Supplied information
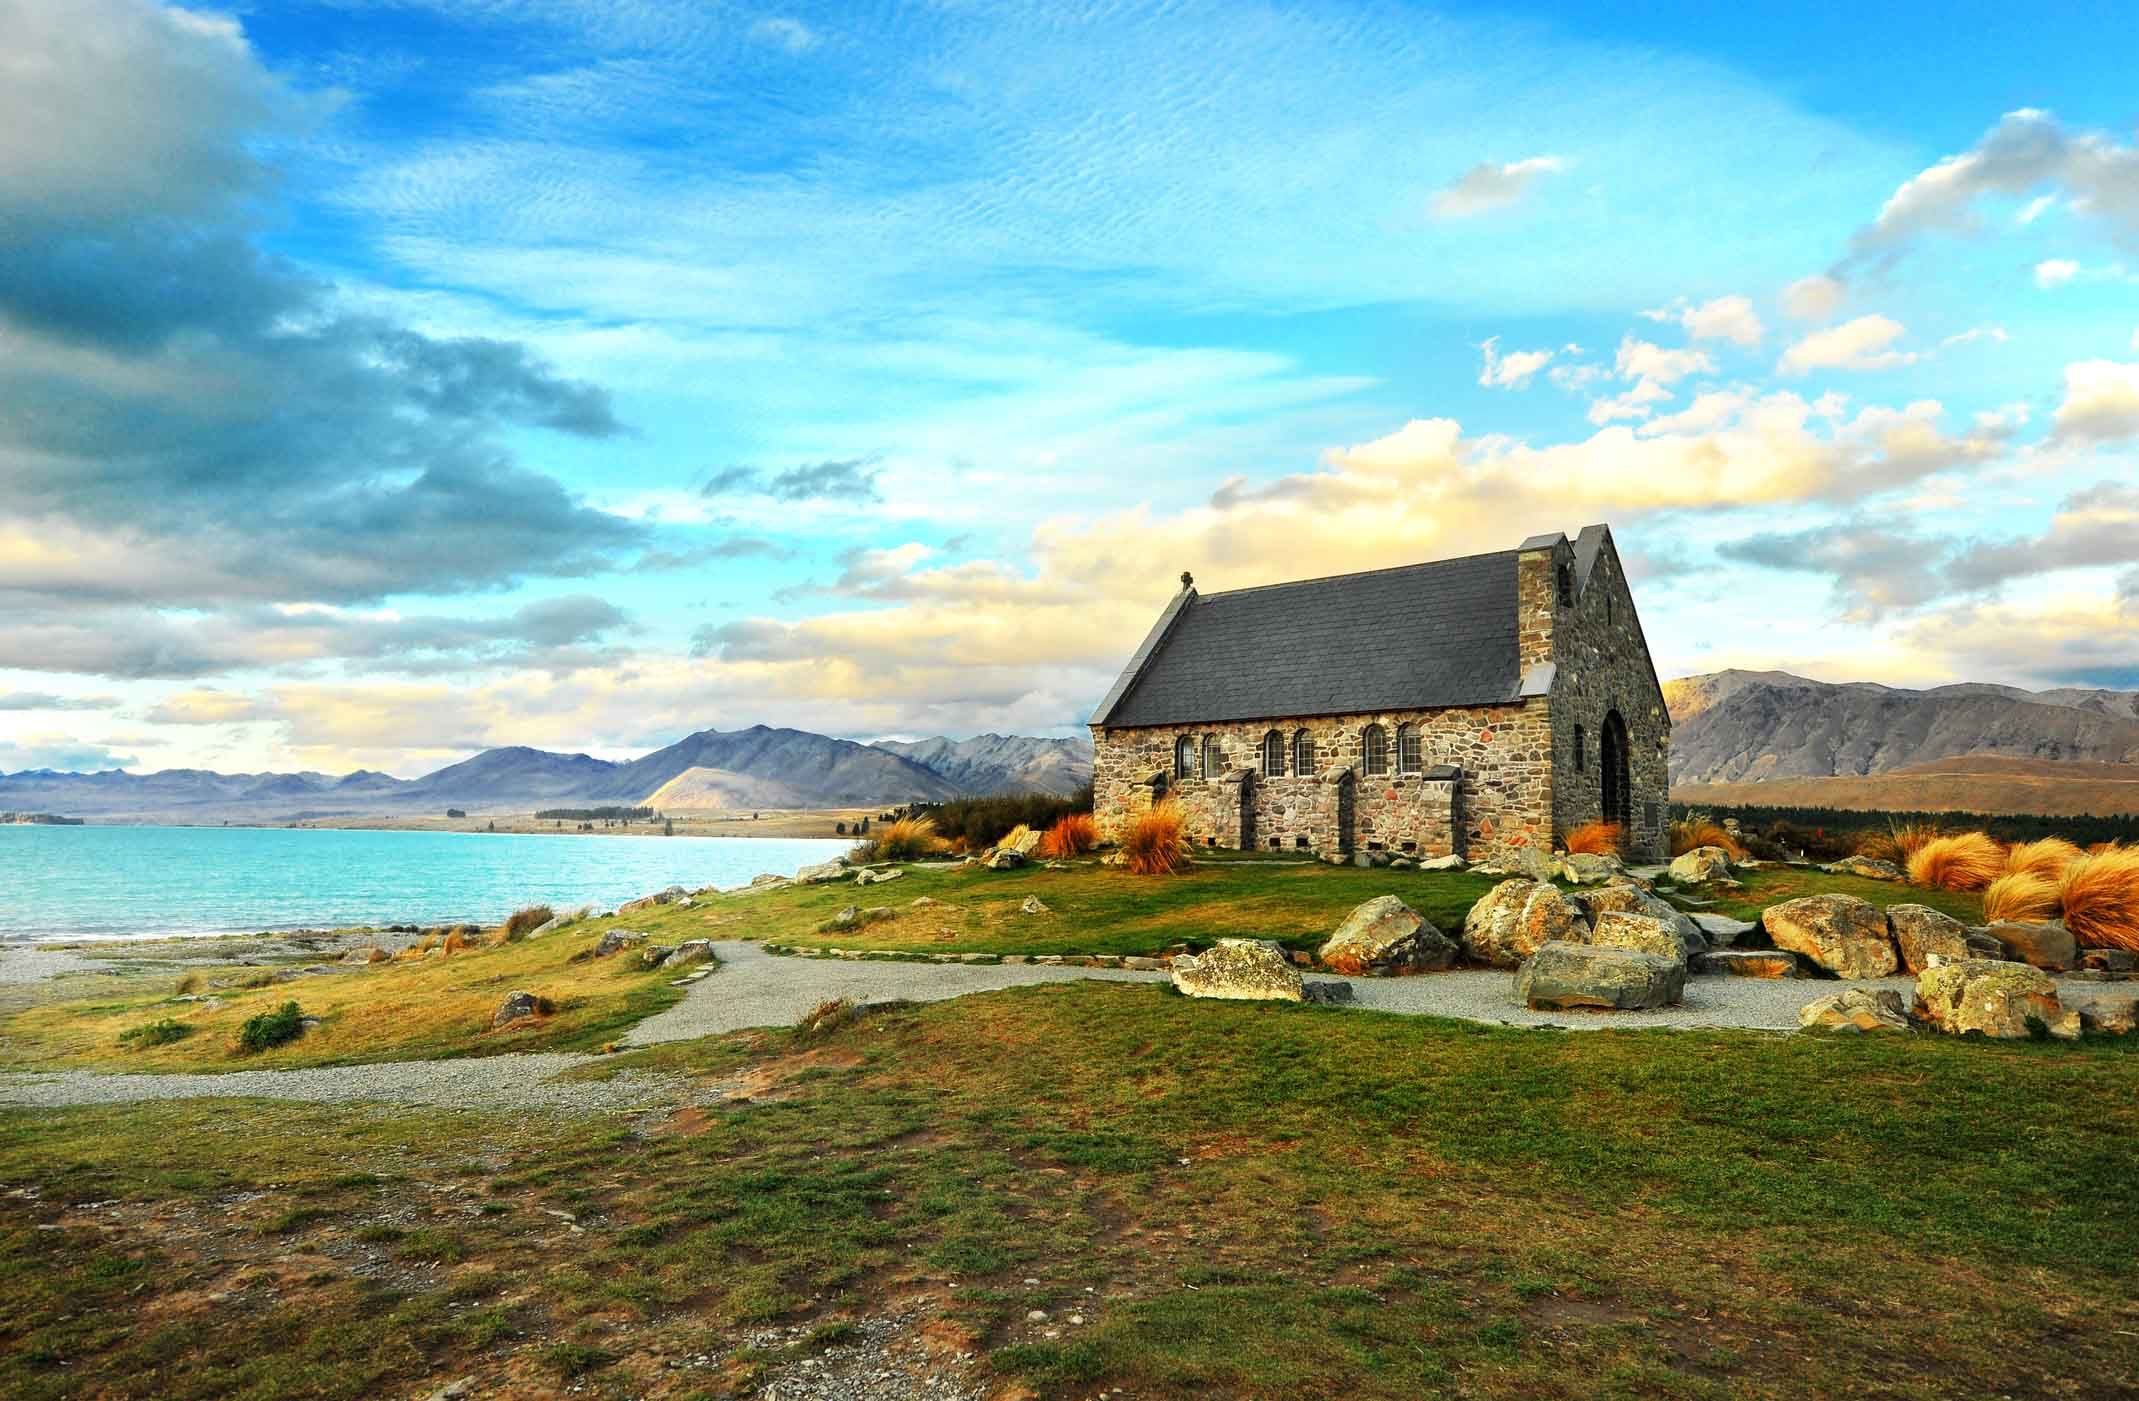 Church of the Good Shepherd at Lake Tekapo, New Zealand
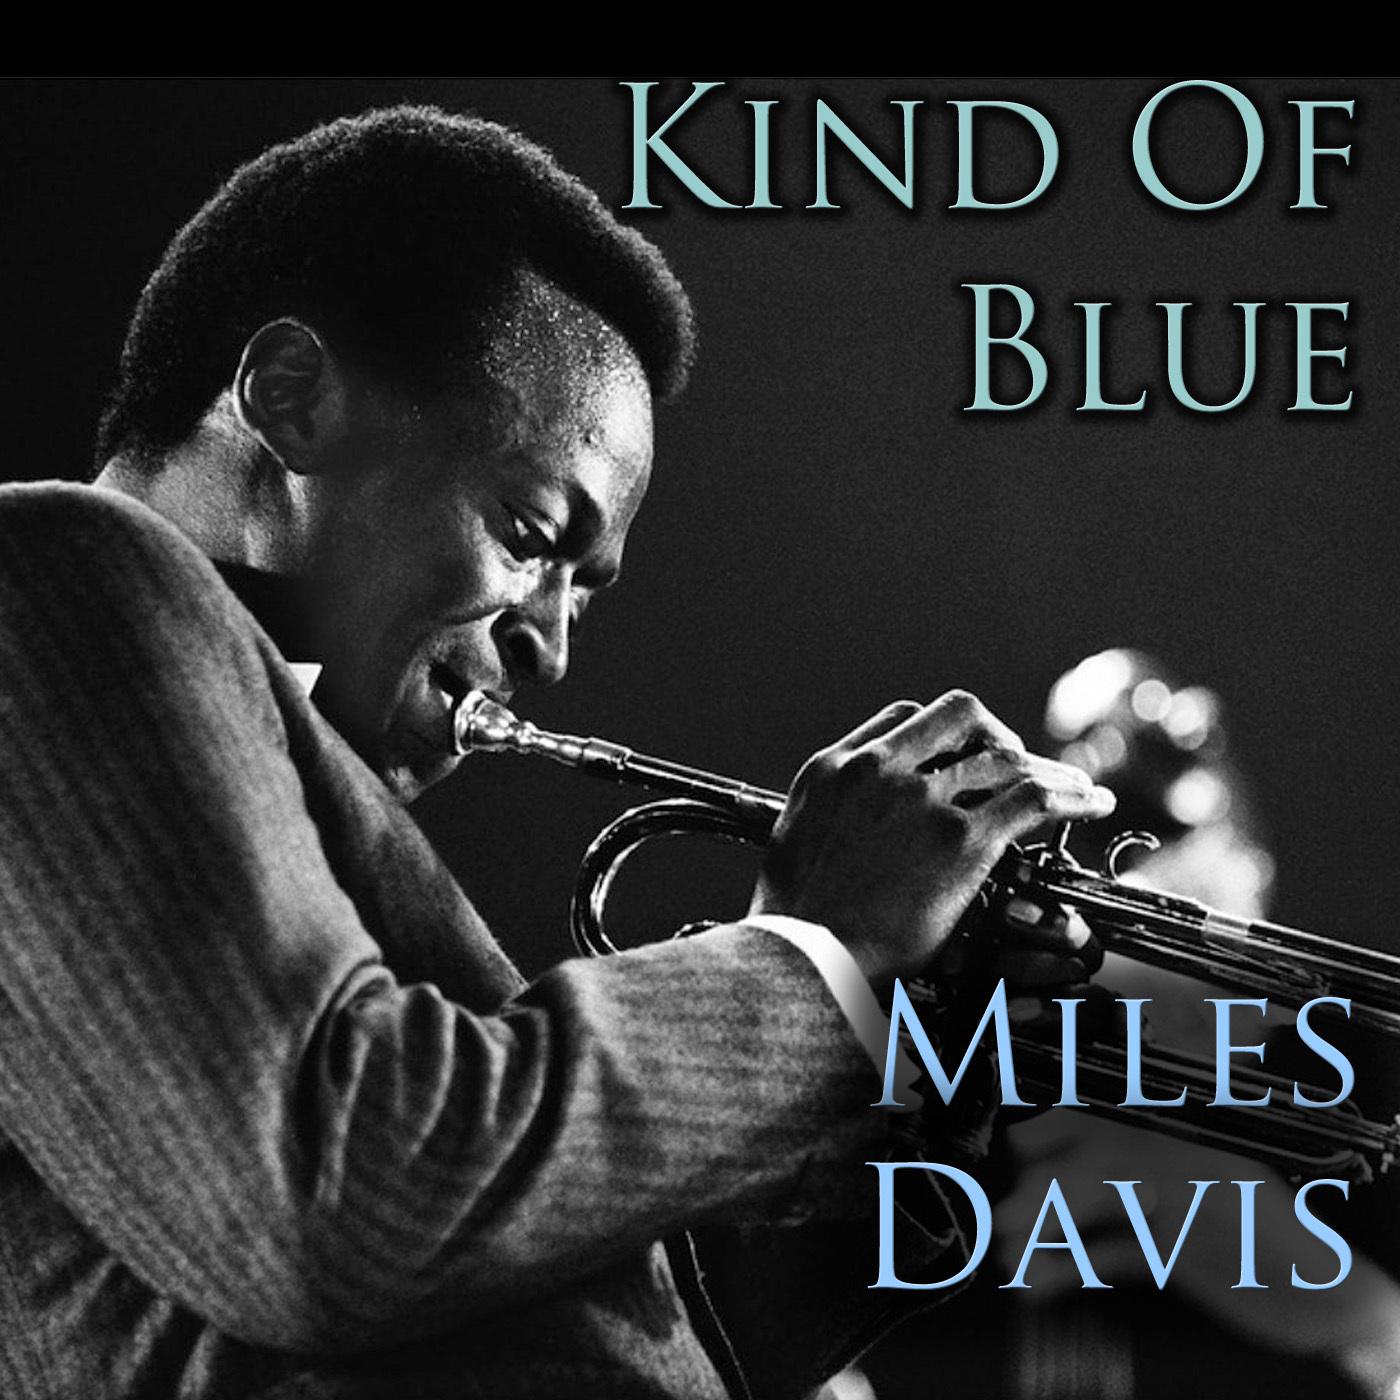 Blue miles. Miles Davis - kind of Blue (1959). Kind of Blue Майлз Дэвис. Miles Davis kind of Blue обложка. Kind of Blue Майлз Дэвис обложка.
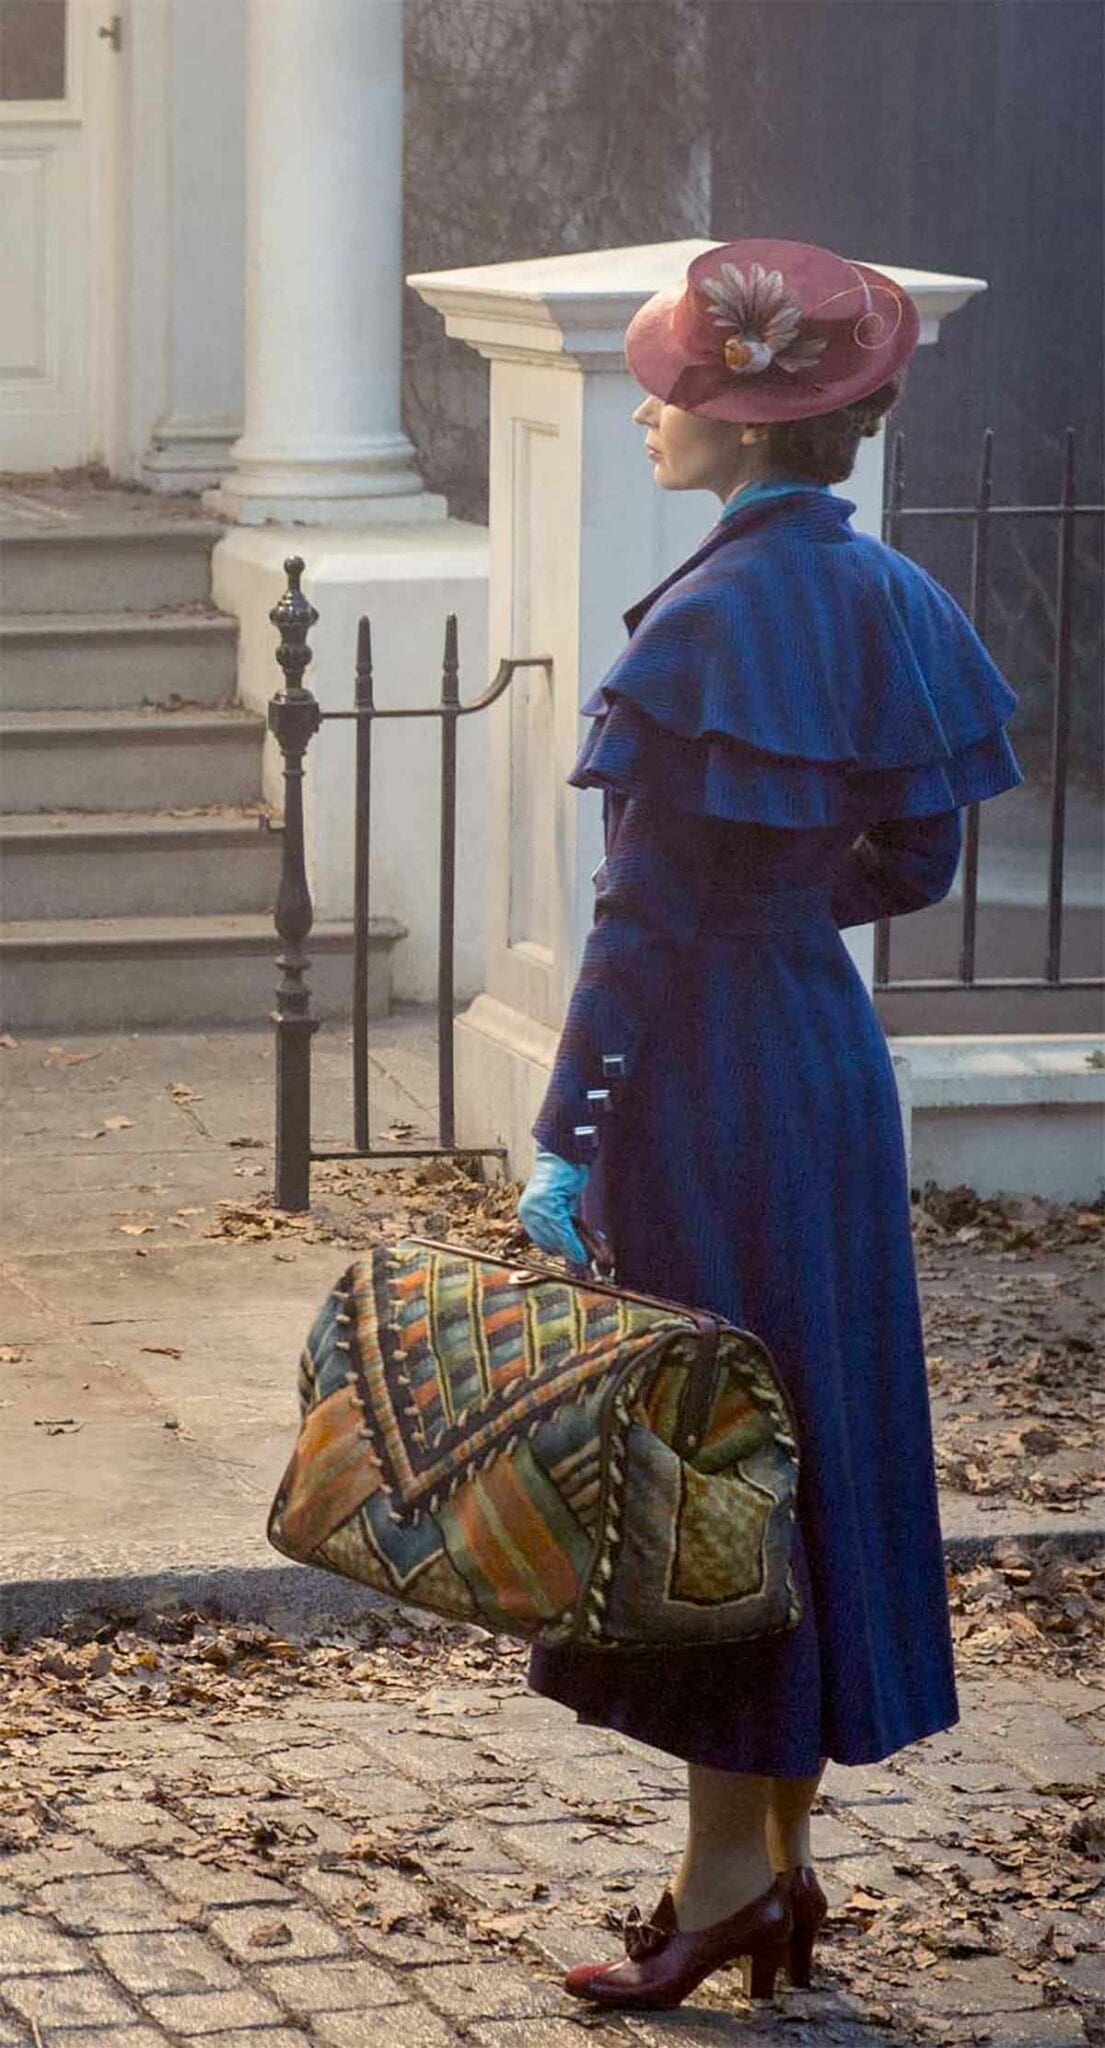 Mary Poppins Returns'ten Emily Blunt'lı İlk Fotoğraf

Task brief
Return every line above exactly, omitting images.

Result of the exercise
 Church of the Good Shepherd at Lake Tekapo, New Zealand
 Blue miles. Miles Davis - kind of Blue (1959). Kind of Blue Майлз Дэвис. Miles Davis kind of Blue обложка. Kind of Blue Майлз Дэвис обложка.
 Mary Poppins Returns'ten Emily Blunt'lı İlk Fotoğraf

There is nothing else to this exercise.